À Rolling Stone Brasil, Jean Machado, Lay e Lio Soares refletiram sobre cada uma das nove faixas que compõem o primeiro volume do segundo disco da carreira, Chegamos Sozinhos em Casa
Com Chegamos Sozinhos em Casa, novo álbum da discografia, a Tuyo convida o público para uma série de questionamentos e abre um diálogo profundo sobre o processo de ‘adultecer’ e os significados do não-lugar.

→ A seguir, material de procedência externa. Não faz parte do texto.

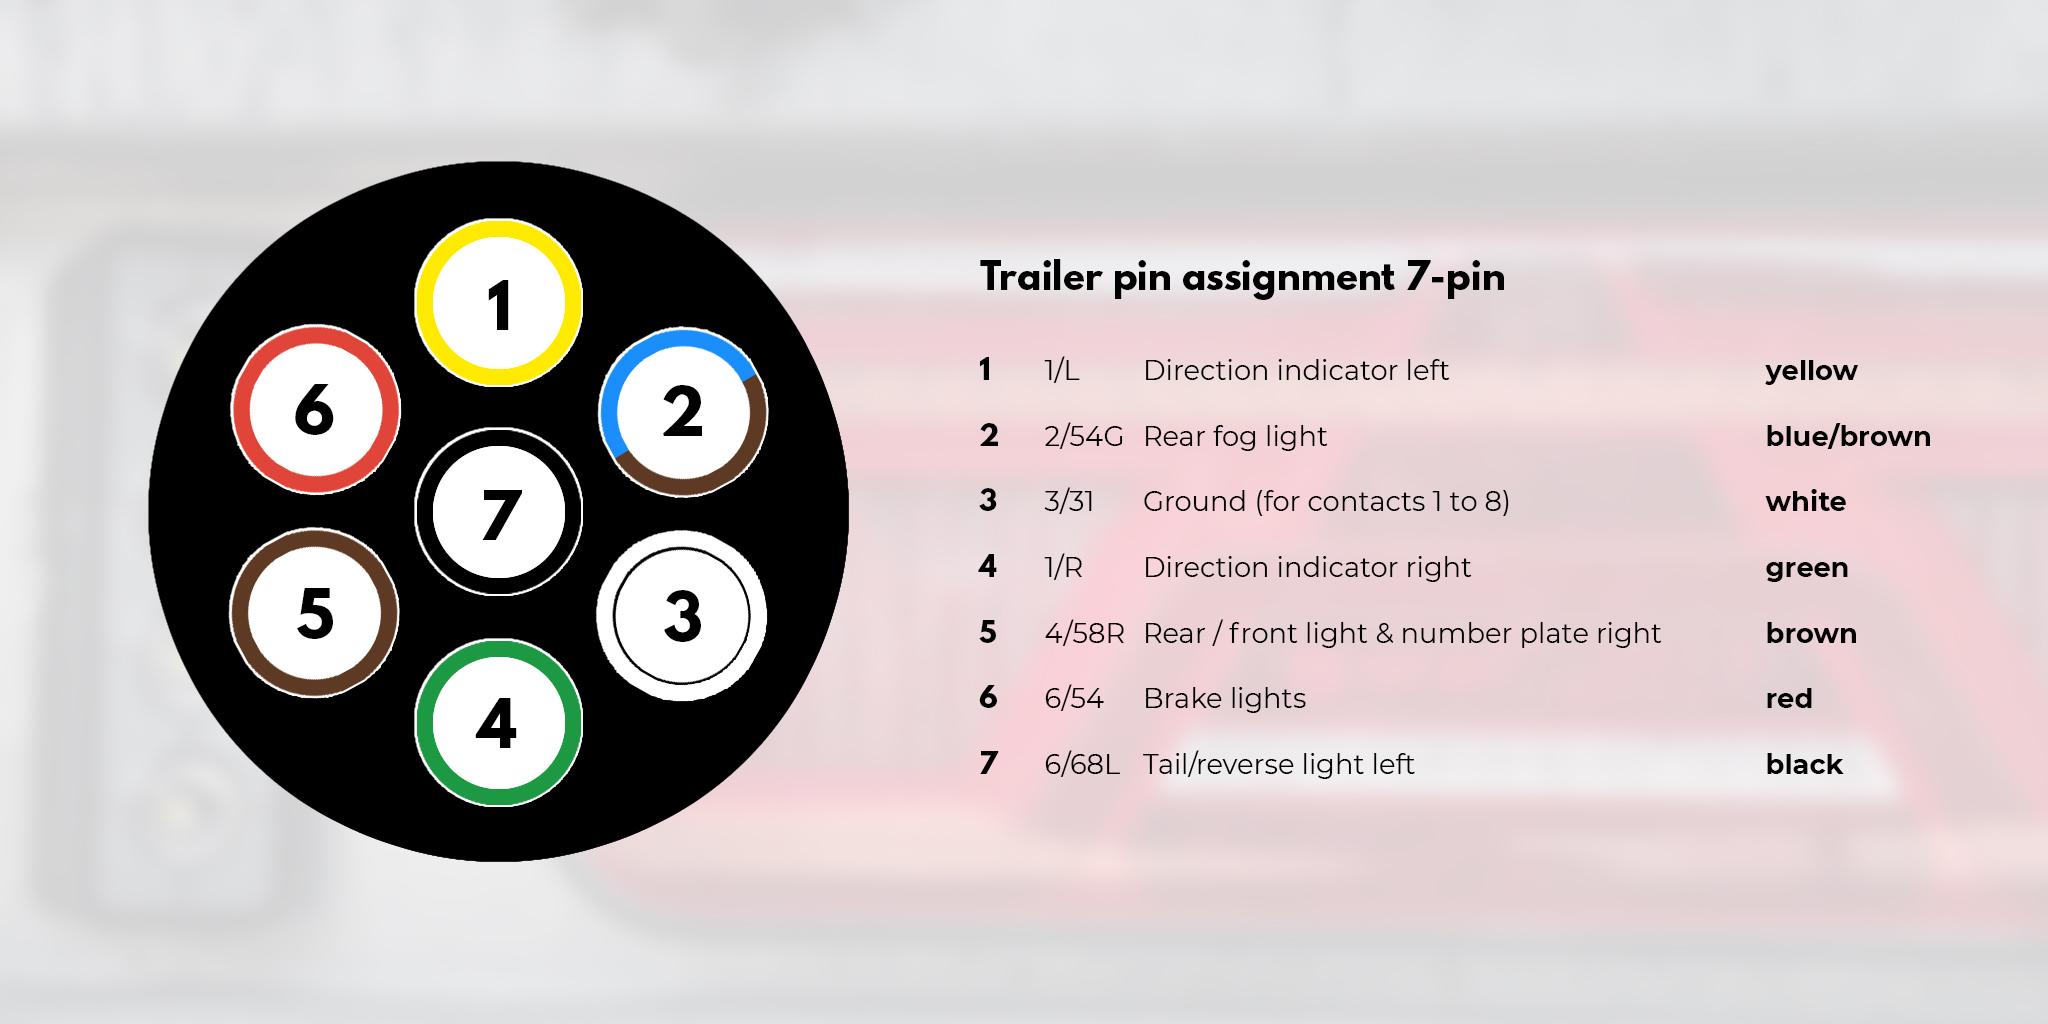 Trailer pin assignment 7-pin

O segundo disco da banda curitibana, formada por Jean Machado, e as irmãs, Lay Soares e Lio Soares, lançado nesta quinta, 27, é uma sessão densa, intensa e de difícil digestão - é um espaço íntimo (e assustador) de reflexão.
"[...] Somos uma banda que gosta de conversar, de provocar, por isso as letras talvez sejam tão provocativas", explica Lio Soares em entrevista à Rolling Stone Brasil. "[...] Parece que o papel do público é desvendar o nosso subconsciente. A gente joga as figuras e as pessoas vão montando os quebra-cabeças."
Apesar de manter essa particularidade no novo projeto, a cantora complementa: "[Neste disco] Quisemos nos dar liberdade de experimentar outras coisas. É um desafio que a gente se permite enquanto uma banda que transita independentemente e não responde a grandes marcas ou a grandes gravadoras. Quisemos aproveitar essa liberdade de se arriscar."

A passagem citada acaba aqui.